In 1978, psychologists Pauline Rose Clance and Suzanne Imes came up with the concept of the ‘impostor phenomenon’ following a study they had conducted on high-achieving women. Concluding their study, Clance and Imes hypothesised that; “despite outstanding academic and professional accomplishments, women who experience the impostor phenomenon persist in believing that they are not bright and have fooled anyone who thinks otherwise.”
Impostor syndrome sets in when one starts to doubt their abilities and begins to feel like a fraud. This phenomenon disproportionally affects high-achieving people that are led to believe that they accomplished successful results with their capabilities. This later leads them to question the accolades they receive once they complete a task.
Is it fair to blame women?
Considering how the judgement, bullying, and aggression by others cause women to develop deep anxiety and self-hatred for being a high-achiever, plagued by the feeling that they are frauds; it is not fair to blame women for displaying signs of Impostor Syndrome. This can also lead to individuals undergoing trauma in the workplace who start questioning whether they would fit in with the changing hostile environment at work. They question whether their colleagues would start to hate them because they have lost self-confidence to complete the task, and might even lead them to depression.
Talisa Lavarry, author and founder of Yum Yum Morale – workplace diversity, equity and inclusion consultancy, was brave enough to write a book reflecting on impostor syndrome titled ‘Confessions From Your Token Black Colleague’. Lavarry, a woman of colour, explains how systemic racism and bias had affected her to fall prey to impostor syndrome when she worked on a high profile event that had invited Barack Obama to deliver a keynote speech during the former President’s tenure.
Addressing the hostile work environment
The biggest issue that women face is that there is no public platform which is willing to speak out about how one could overcome impostor syndrome. For instance, there are enough and more career development workshops for men who can draw inspiration from role models that have succeeded after overcoming deep depression, and have found a hack to be successful in the work environment.
Unfortunately, it is a little more difficult for women to find role models that they could relate to and could draw inspiration from to take pride in their competence, acknowledge their contribution to improving their work environment, or affirm their style of leadership.
Moreover, workplaces rarely look at individual or customised solutions for issues caused by the systemic discrimination, stereotyping, racism, and abuse of power that is deep-rooted which in return pushes women to deal with the effects of battling with uncertainties, which is normal in any professional’s life regardless of their gender identities.
Women underrepresented in management positions
According to Professor of Business Psychology, Tomas Chamorro-Premuzic of University College London and at Columbia University, there are three popular explanations for the clear under-representation of women in management:
- They are not capable (endorsed by conservatives and chauvinists);
- They are not interested;
- They are both interested and capable but unable to break the glass ceiling: an invisible career barrier, based on prejudiced stereotypes, that prevents women from accessing the ranks of power (liberals and feminists prefer to endorse this explanation).
Chamorro-Premuzic notes that the reason for the underrepresentation of women in management is caused by the work culture’s inability to distinguish between confidence and competence.
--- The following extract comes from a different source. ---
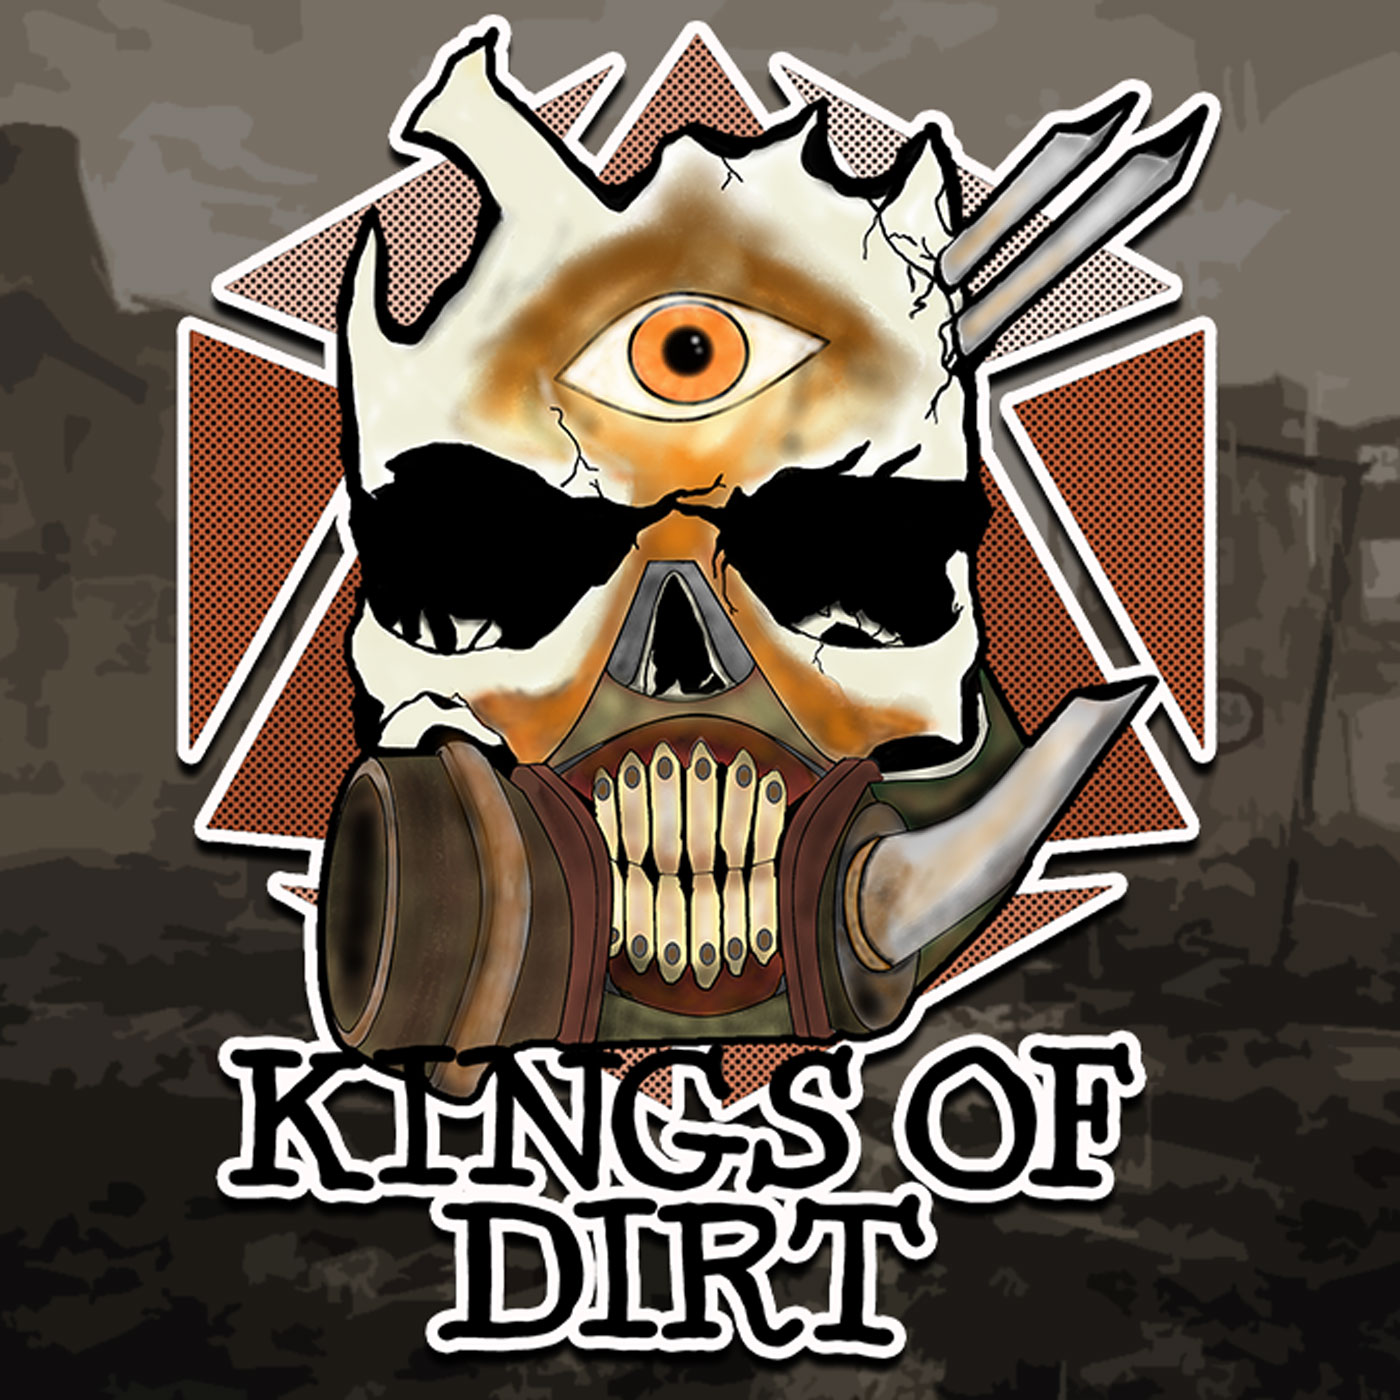 Artwork for podcast Kings of Dirt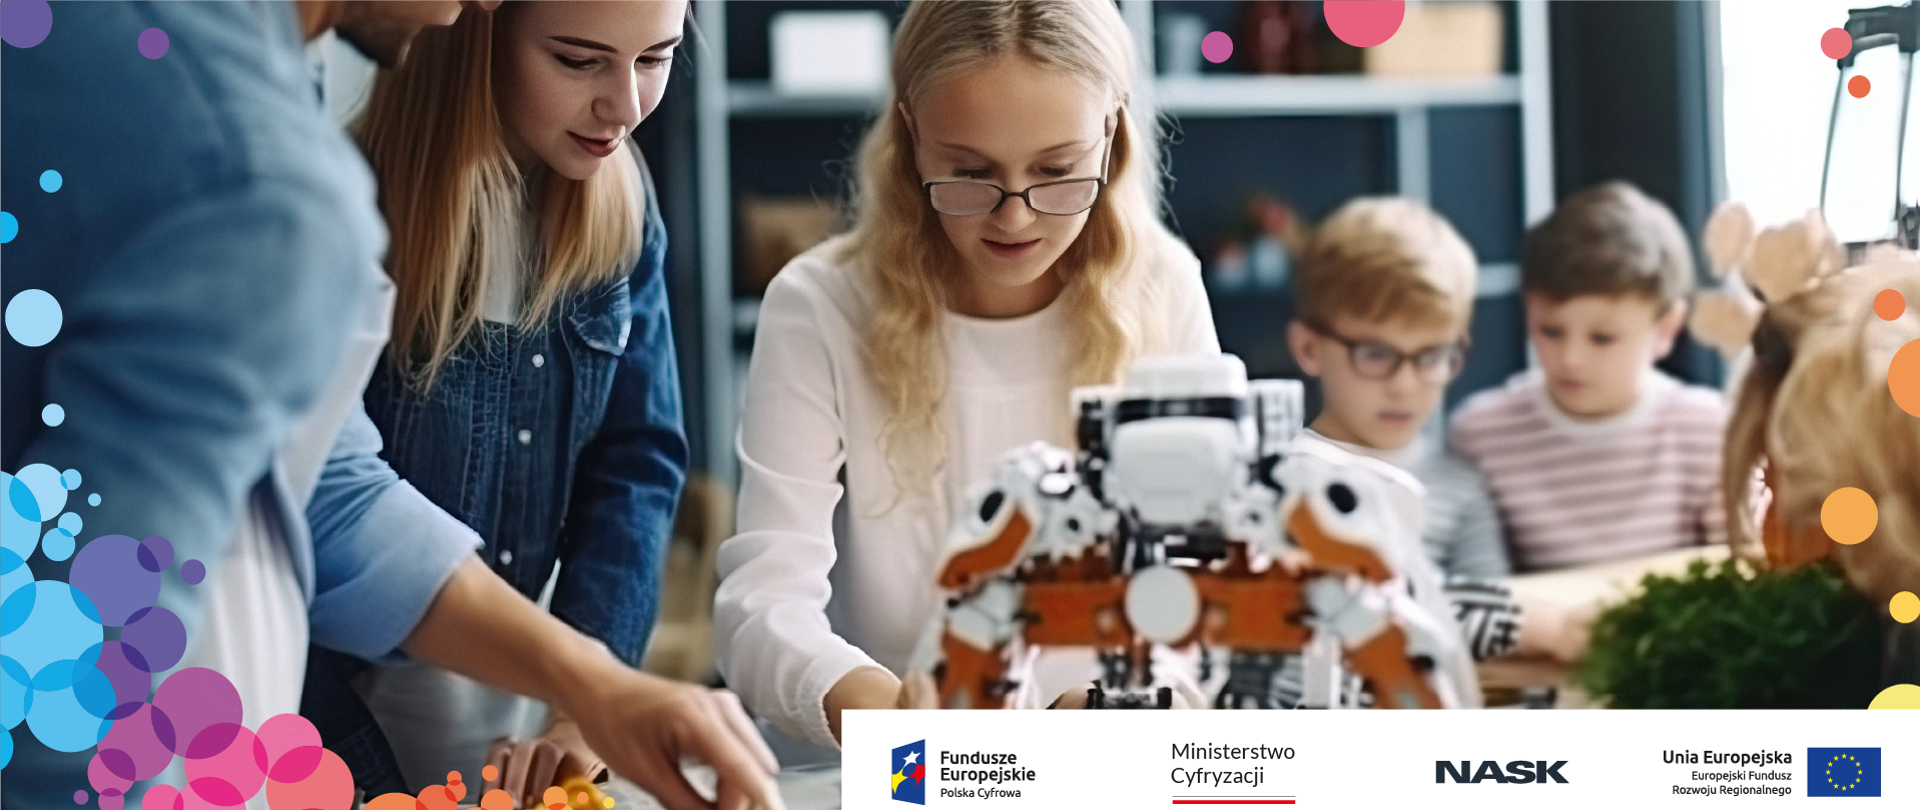 Grafika ze zdjęciem przedstawiającym grupę dzieci podczas nauki/zabawy z robotami. Na dole pasek z logotypami: Fundusze Europejskie, Ministerstwo Cyfryzacji, NASK, Unia Europejska.

Researchers have found that people who are self-centred, overconfident and those who display narcissistic traits tend to lead groups and such personality traits are not often equally common among people who identify themselves by different genders.
To share one of the least counter-intuitive findings in social sciences – women are often sensitive, considerate and more humble than men; this was proved during a quantitative review that involved more than 23,000 participants in 26 cultures.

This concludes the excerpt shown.